El archivo audiovisual y los audios de las entrevistas telefónicas al magistrado Alfonso Reyes Echandía componen con el ruido mismo que amenazaba siempre con interrumpirlas. La descomposición del espectro electromagnético compone con aquello que amenaza su inteligibilidad: la retransmisión en vivo de imágenes y palabras logran así recrear otra descomposición que alimenta la forma del suceso: la interrupción. Esta es la posibilidad de la irrupción, el ruido de un suceso histórico que desborda una cotidianidad que no logra contenerlo y que parece volverse ella misma irreal. Los audios de las llamadas se mezclaban en vivo, no con música, sino con el ruido de esas otras frecuencias, como una suerte de metáfora de la tragedia, de lo inaudito de unas memorias públicas. Su crudeza se refleja en esas súplicas del presidente de la Corte, ante el sordo presente de una democracia rota.

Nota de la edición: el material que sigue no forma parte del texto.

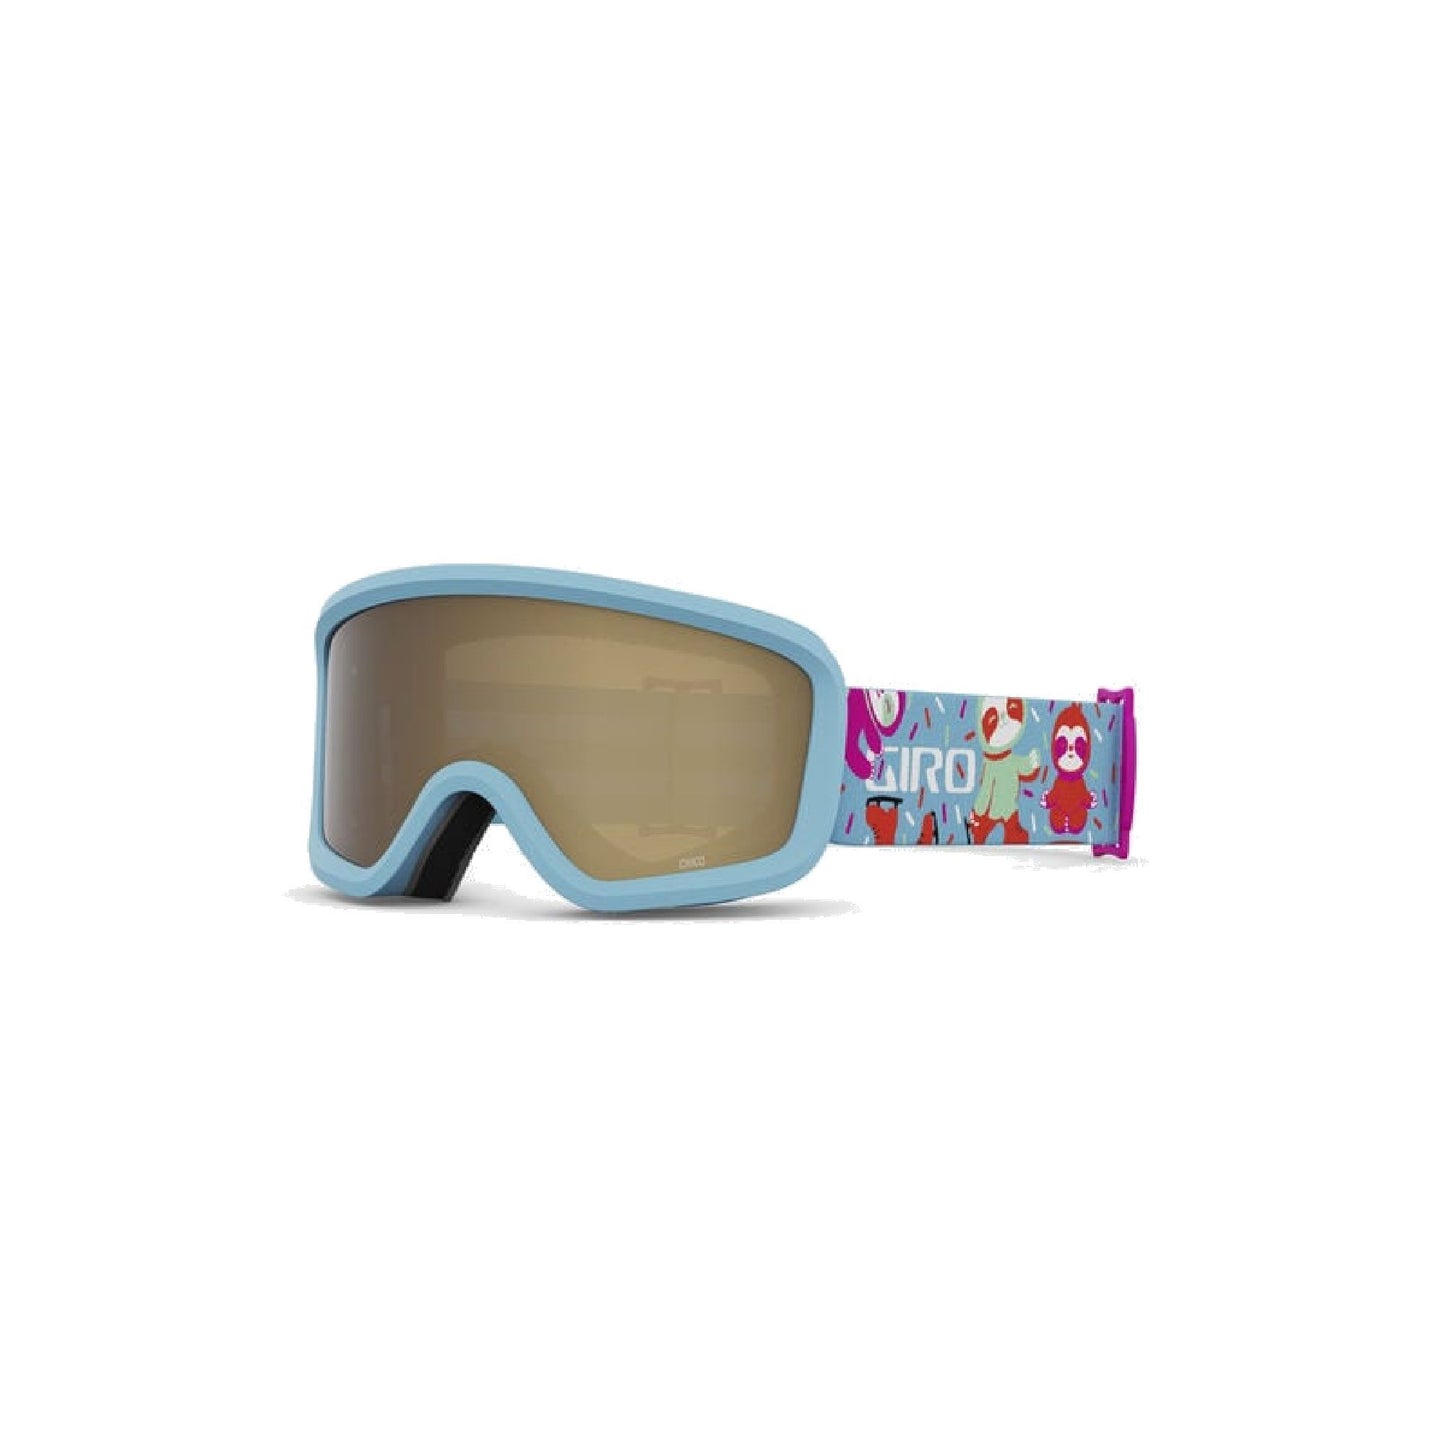 Giro Youth Chico 2.0 Snow Goggles Light Harbor Blue Phil / Amber Rose Snow Goggles

La proyección de estos archivos, y del ruido que los constituye, es la composición y la performance audiovisual de una “descomposición estética”.Es, al mismo tiempo, una manera de mostrar el proceso de “descomposición de la memoria colectiva”. Es una exploración no simplemente de una memoria social, por así decirlo, sino del socius de la memoria: de aquello que, mediante la memoria, en su multiplicidad, nos reúne. La descomposición de la memoria como exploración, como análisis y desglose de toda una economía política dela imagen —a partir de la interrupción, del ruido en los cauces perceptivos— integra hoy nuestra recolección de ese evento. Una memoria originalmente mediada por la imagen y su reproducción. Un momento histórico cuya síntesis final, en un discurso o una narrativa oficial, parece imposible. Es una memoria, técnicamente, “descompuesta”.
Las márgenes del Museo Nacional, sus jardines públicos externos y su fachada eran, sin duda, un lugar estratégico para ubicar, como un caballo de Troya, la acción de este objeto crítico-participativo.
Febrero 10, 2025.
1. Los textos, invitaciones, volantes y manifiestos de Bogotrax a los que nos referimos, y sobre los que se basa esta anécdota —y la reflexión sobre la misma, están disponibles aquí: https://archive.org/details/ArchivosBogotrax. La “estructura”, el libreto de la acción, la participación de numerosos artistas y la manera en la que toda la infraestructura y los equipos fueron dispuestos a través de la red del festival, darían pie a una historia y muchas otras anécdotas igualmente extensas que rememoro aquí.Por cuestiones de tiempo y espacio, más que de pers-pectiva, fue necesario simplificar.
2. Por ejemplo, esa mirada sobre “el hombre de las palomas” en la obra de José Alejandro Restrepo —como parte de la instalación Abandonen toda esperanza (2018) y del video Caballero de la fe (2011)—, de quien se supo recientemente, en una entrevista, que hacía parte de la inteligencia militar.